| Recorded information |
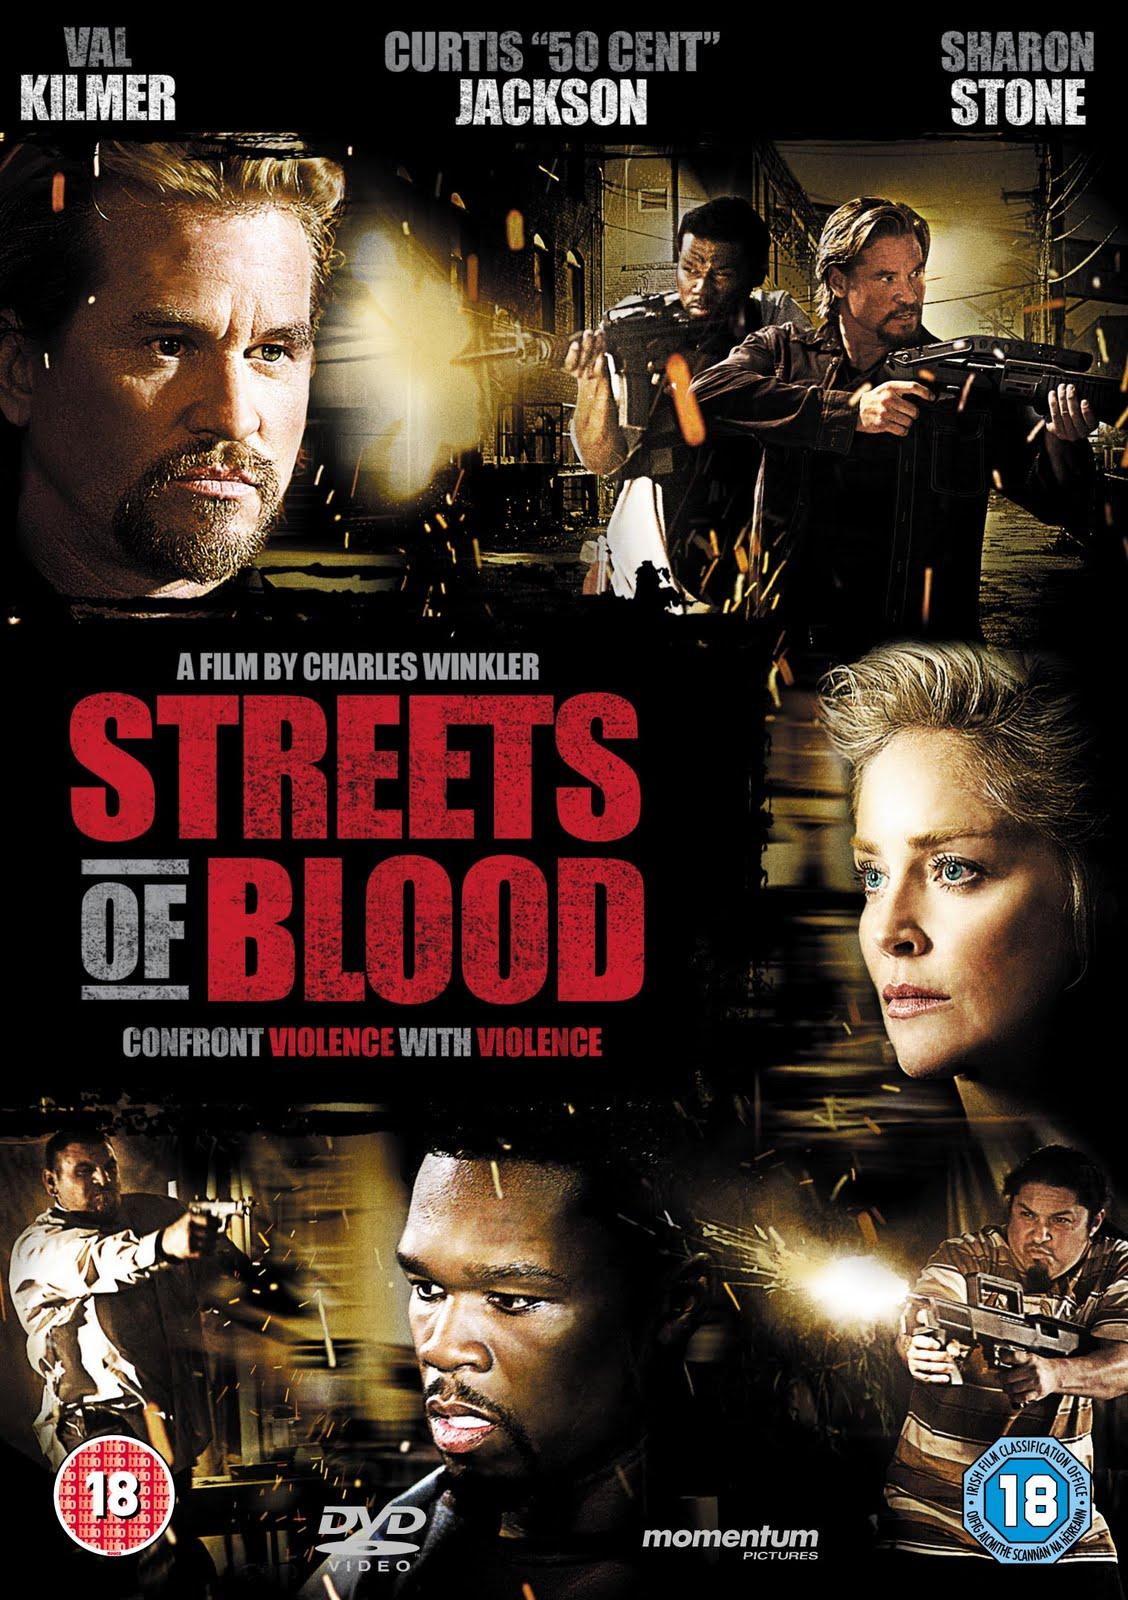 http://1.bp.blogspot.com/_4GAmcX1ehkw/S7TzV6pTBTI/AAAAAAAARu0/7QJTnhnowvg/s1600/streets_of_blood_dvd_2d.jpg
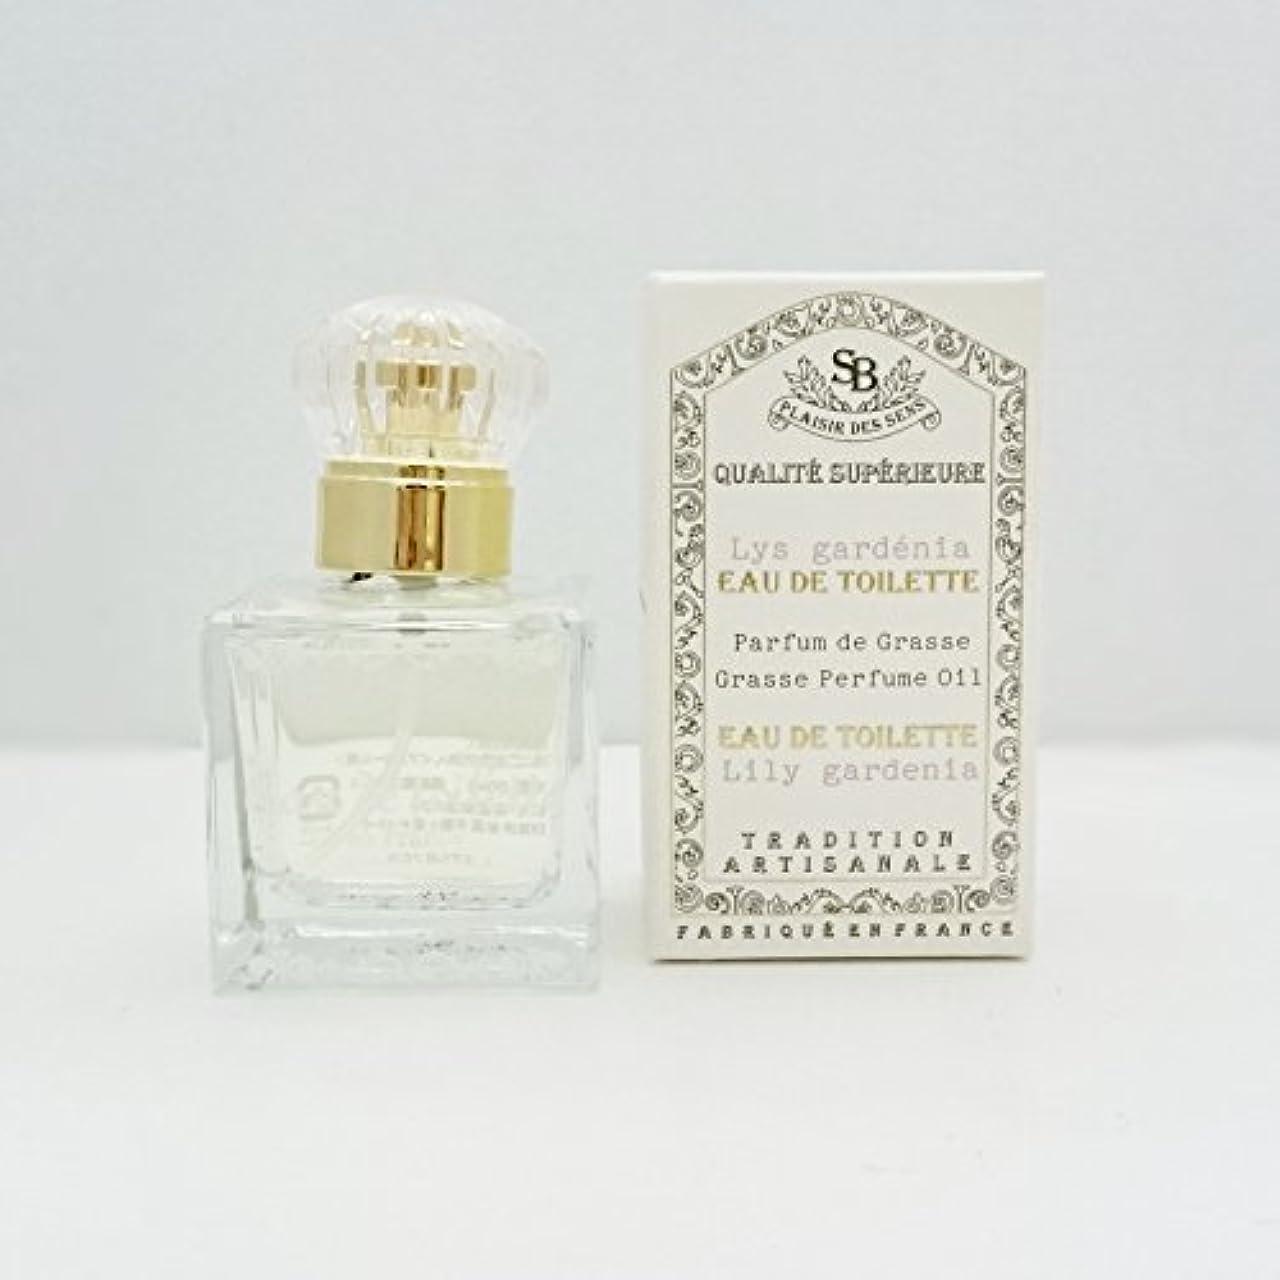 札入れ鰐書くSenteur et Beaute(サンタールエボーテ) フレンチクラシックシリーズ オードトワレ 30ml 「リリーガーデニア」 4994228021915
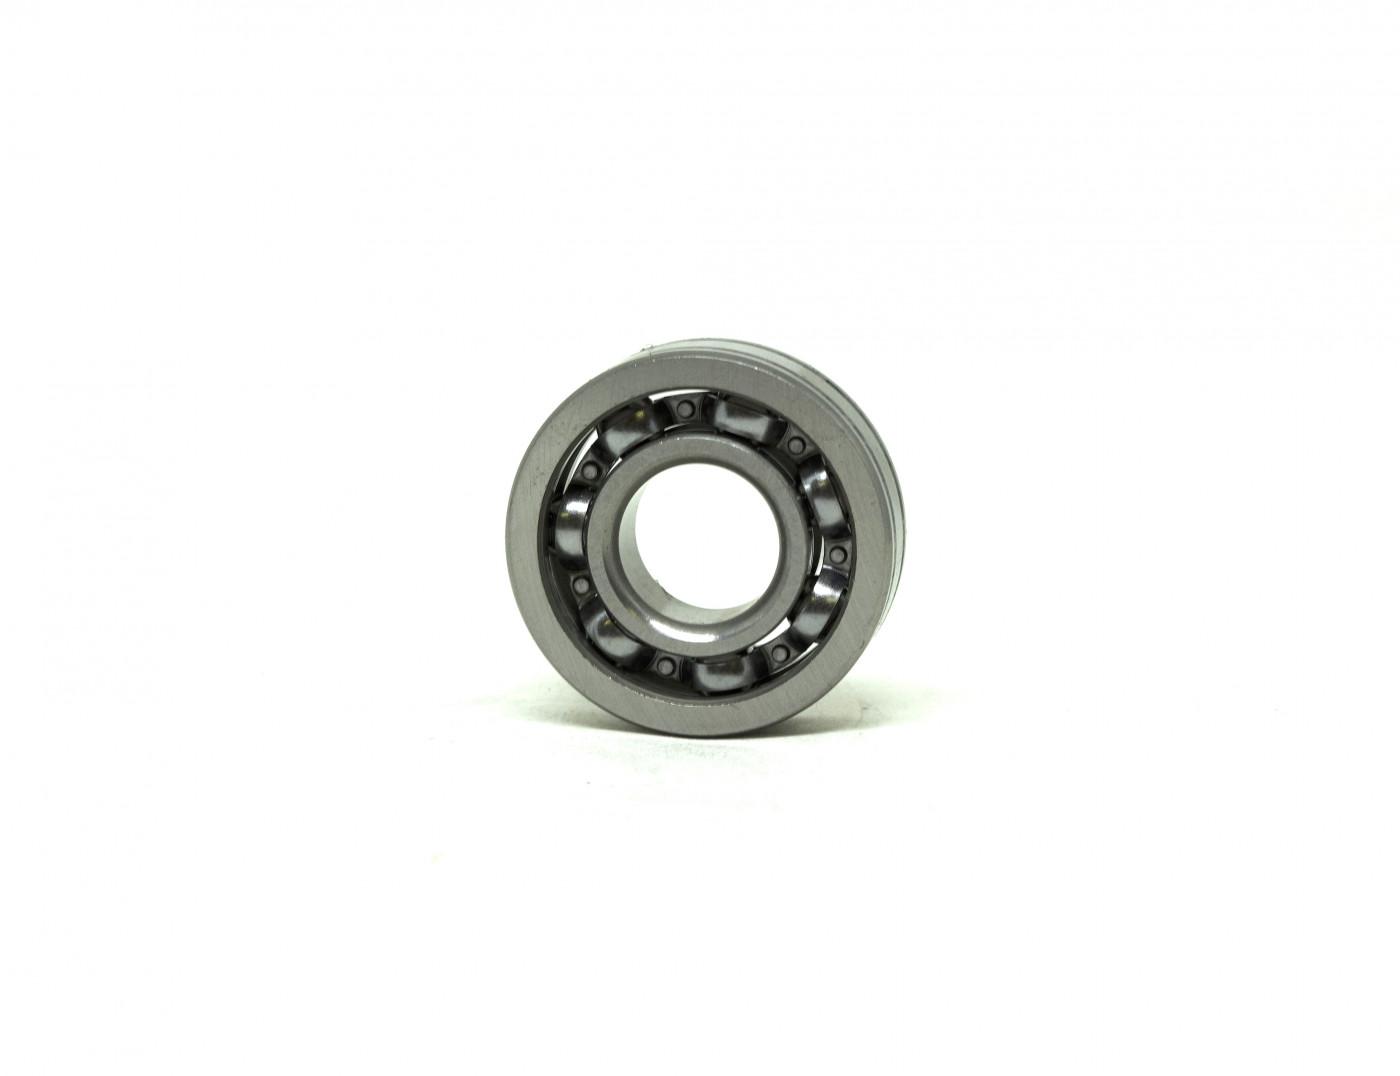 Ložisko klikové hřídele Stihl TS410 TS420 TS 410 TS 420 (9503 003 0351)

| Your assignment |
The whole listing above, minus its pictures, is what you should write out word for word.

| Reply to the task |
 http://1.bp.blogspot.com/_4GAmcX1ehkw/S7TzV6pTBTI/AAAAAAAARu0/7QJTnhnowvg/s1600/streets_of_blood_dvd_2d.jpg
 札入れ鰐書くSenteur et Beaute(サンタールエボーテ) フレンチクラシックシリーズ オードトワレ 30ml 「リリーガーデニア」 4994228021915
 Ložisko klikové hřídele Stihl TS410 TS420 TS 410 TS 420 (9503 003 0351)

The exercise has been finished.